The journey to the factory of the future starts with connecting factory assets—adding sensors to machines and equipment to collect data, then monitoring and adjusting operations accordingly.
Article by Vivek Chatrath, Sales Director, Small, Medium and Corporate Segment, Microsoft Singapore

Today, we are at the frontlines of tensions over politics, trade tariffs, and technology, as we continue to deal with the global pandemic and natural calamities that are disrupting global supply chains. It’s an environment that has exacerbated the impact of volatility, uncertainty, complexity, and ambiguity on manufacturers around the world and in Asia.
In our borderless world, manufacturing has seen a monumental shift in how business is done. From creating globalisation-oriented supply chains where cost efficiency was a core consideration and few countries manufactured for the world, we’ve shifted to trade tension-led manufacturing supply chains trying to adjust to disruption.
In many cases, the building of supply chains involved the diversification of production bases and product mix, with some manufacturers considering moving production bases to reduce tariffs and some to get closer to suppliers and materials. Manufacturers are also prioritising sustainability and are taking action to transform their manufacturing lines as they revisit how and what they produce.
The question is how to make this a reality, whether you are a discrete manufacturer, process manufacturer, or even an agri-business manufacturer.
Building Agile Factories Of The Future
To customise products and services for customers and to innovate at speed, manufacturers need agile, collaborative, and responsive conceptualisation, design, testing, production, and a post-sales service process, just like a feedback loop. This requires solutions that also enable the “factory of the future.”
This refers to a complex ecosystem of self-regulating machines and sites that customise the output, optimally allocate resources, and offer a seamless interface between the physical and virtual world.
The journey to the factory of the future starts with connecting factory assets—adding sensors to machines and equipment to collect data, then monitoring and adjusting operations accordingly.
Ultimately, you’ll want to connect and monitor factory performance from your high-tech manufacturing facilities across the globe, using data from smart assets to apply operational insights and further optimise your production processes.
Even the most advanced manufacturing giants such as Rockwell Automation, Schneider Electric, and Siemens are finding new opportunities by augmenting operational technologies with the Microsoft Cloud. This brings forth new capabilities such as the Internet of Things (IoT), artificial intelligence (AI), mixed reality in a secure and compliant way.
Creating Diversified, Resilient Supply Chains
As customers’ needs diversify, manufacturers are making more product variants than before and delivering customised connected services along with them. Now, supply chains are more complex and multifaceted, and diversification and resilience can only be strengthened when manufacturers can sidestep complexity and keep track of everything that is happening.

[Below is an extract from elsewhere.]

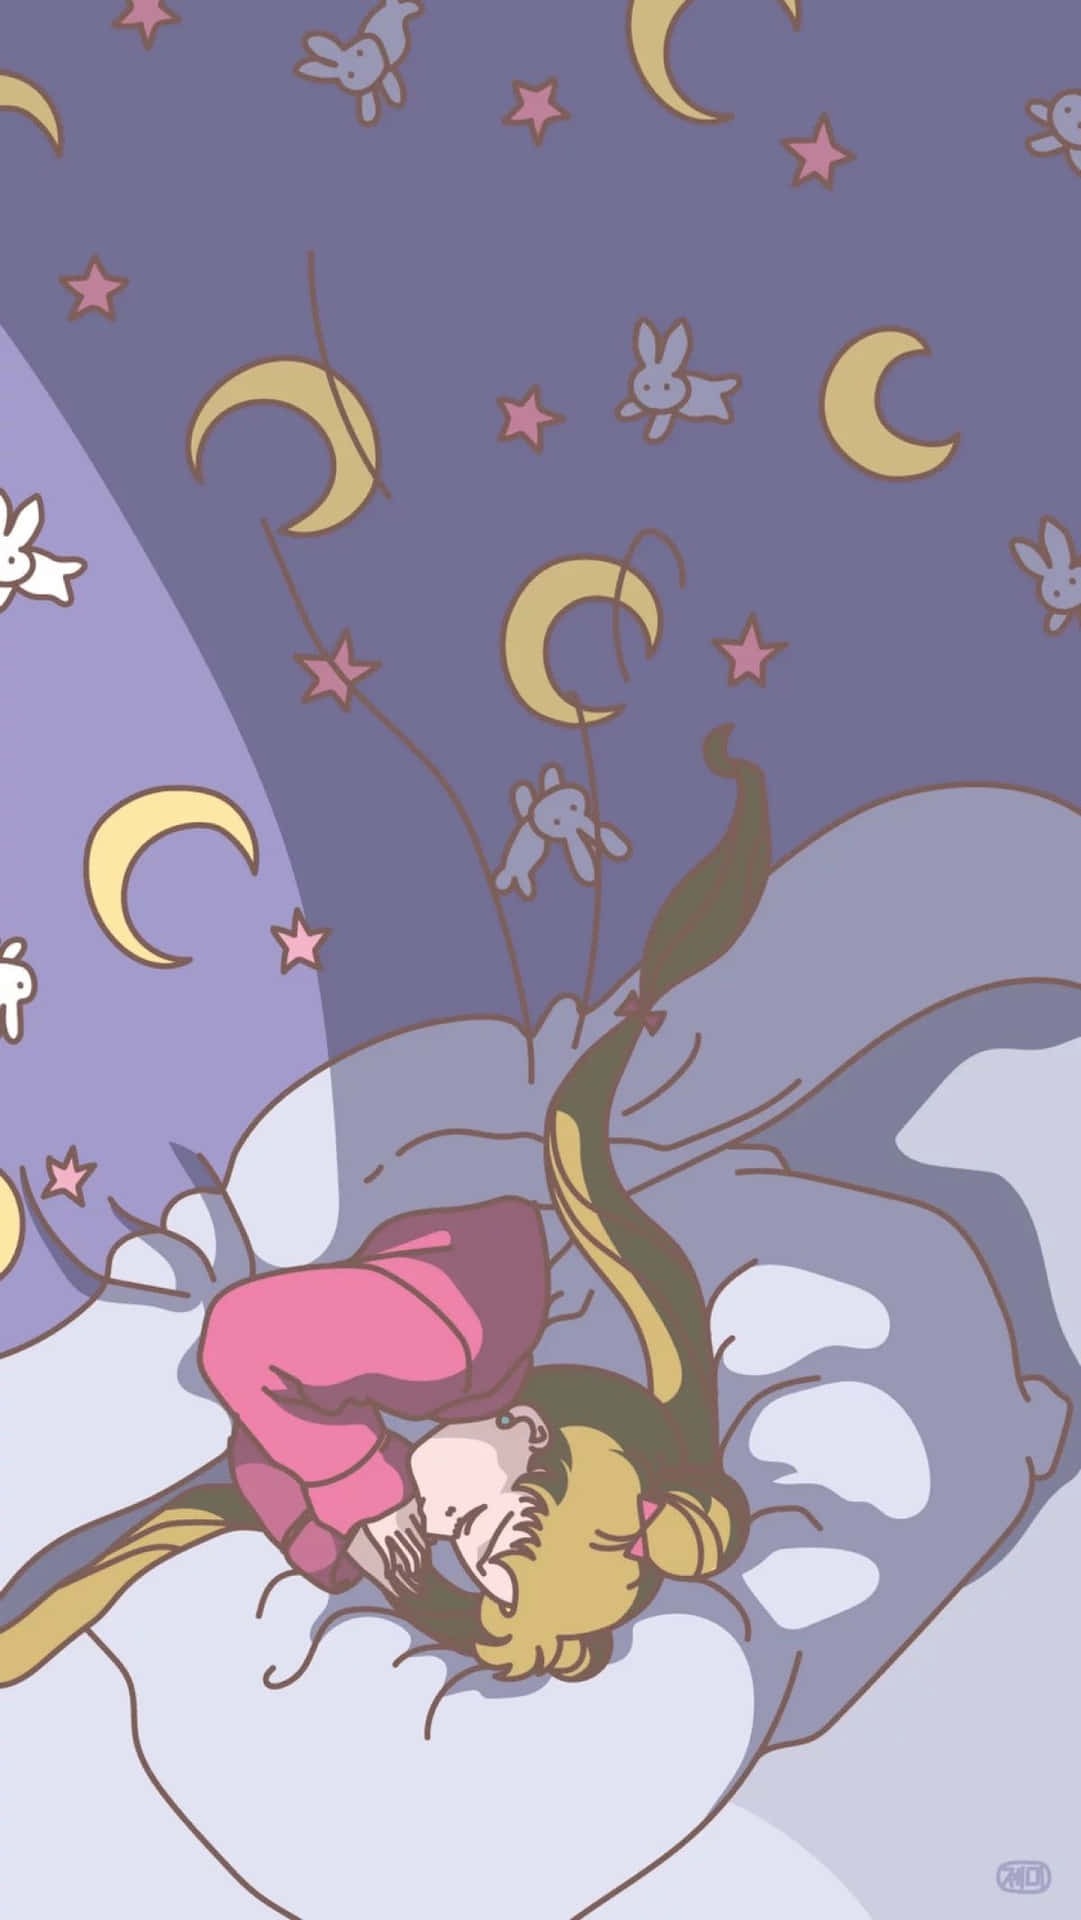 Ästhetischeschlafender Sailor Moon Wallpaper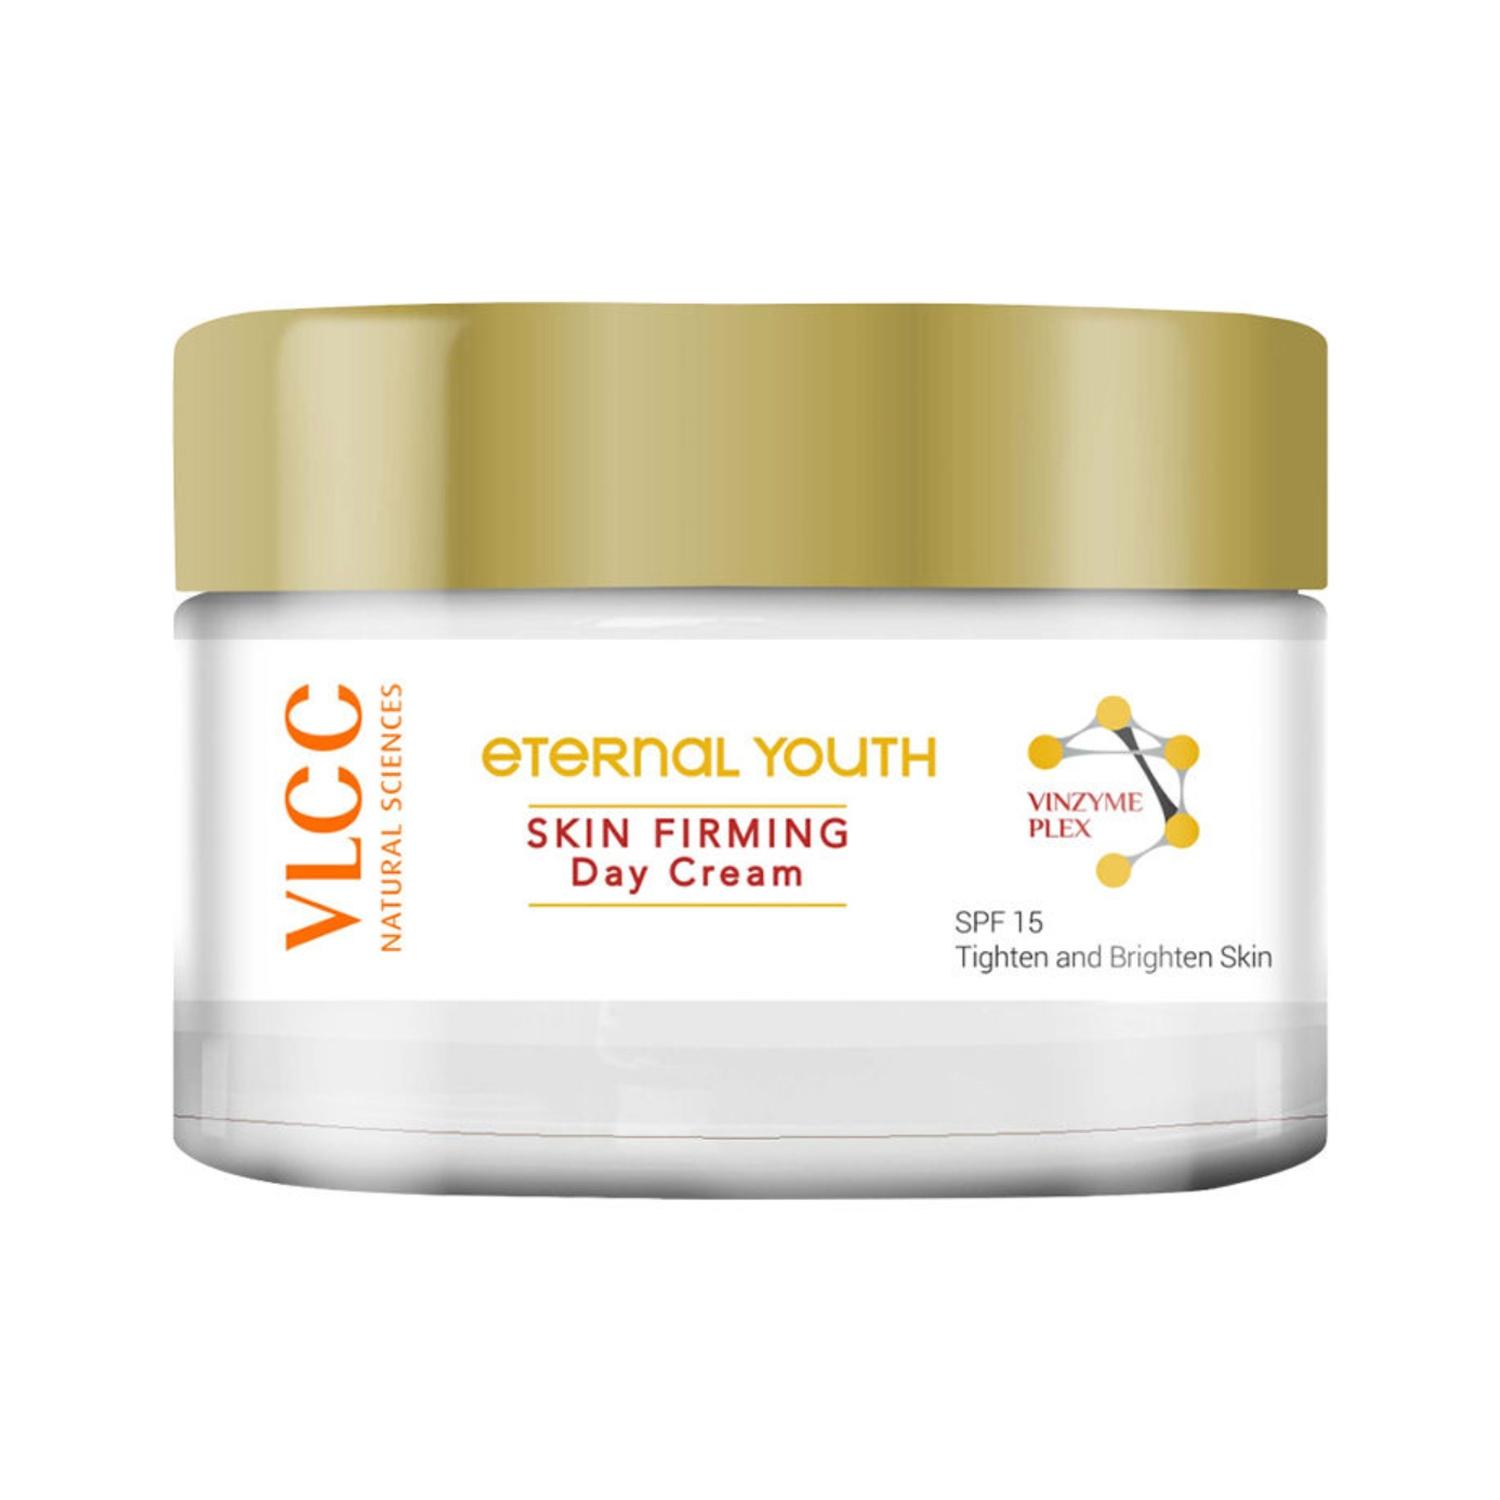 vlcc eternal youth skin firming day cream (50g)

That is possible today, as manufacturers build intelligent and resilient supply chains powered by a new generation of intelligent business applications to deliver the right products, parts, resources, and services where and when they’re needed. This achieves a balance between desired customer service level and budget requirements and enables tighter upstream and downstream collaboration across increasingly complex value chains.
Together with connected field service solutions, manufacturers change the game as they open a whole new world of possibilities – whether they remotely monitor smart products on a vertical hydroponics farm or automate maintenance issues in products and production lines, so breaks can be fixed before manufacturers lose an entire day of revenue from their line.
Some of our manufacturers are already on this journey today. For example, Caterpillar has reduced its parts inventory by up to 15 percent by using a customised integrated business planning solution built on Microsoft cloud. Resilient supply chains are also taking the shape of service technician empowerment, real-time guidance, and cross-team collaboration, and organisations such as Rolls Royce and Ecolab are putting these solutions into play.
We are further integrating partner capabilities from SAP, PTC, Blue Yonder, Aveva, and Siemens, through the Microsoft Cloud for Manufacturing, so manufacturers don’t have to rip and replace what they already have, and can build on what they’ve already spent years investing in.
The Path Forward To Resilience And Agility With Microsoft In Singapore
Manufacturers like us have a huge opportunity in building a resilient, digitally inclusive future. We lead the way in building smart cities, autonomous vehicles, add intelligence to existing products from drones to medical devices, help save energy and water, and fuel and feed the world through industrial equipment and precision agriculture. We hope to do this with our partners, as we empower every person and every organisation on the planet to achieve more.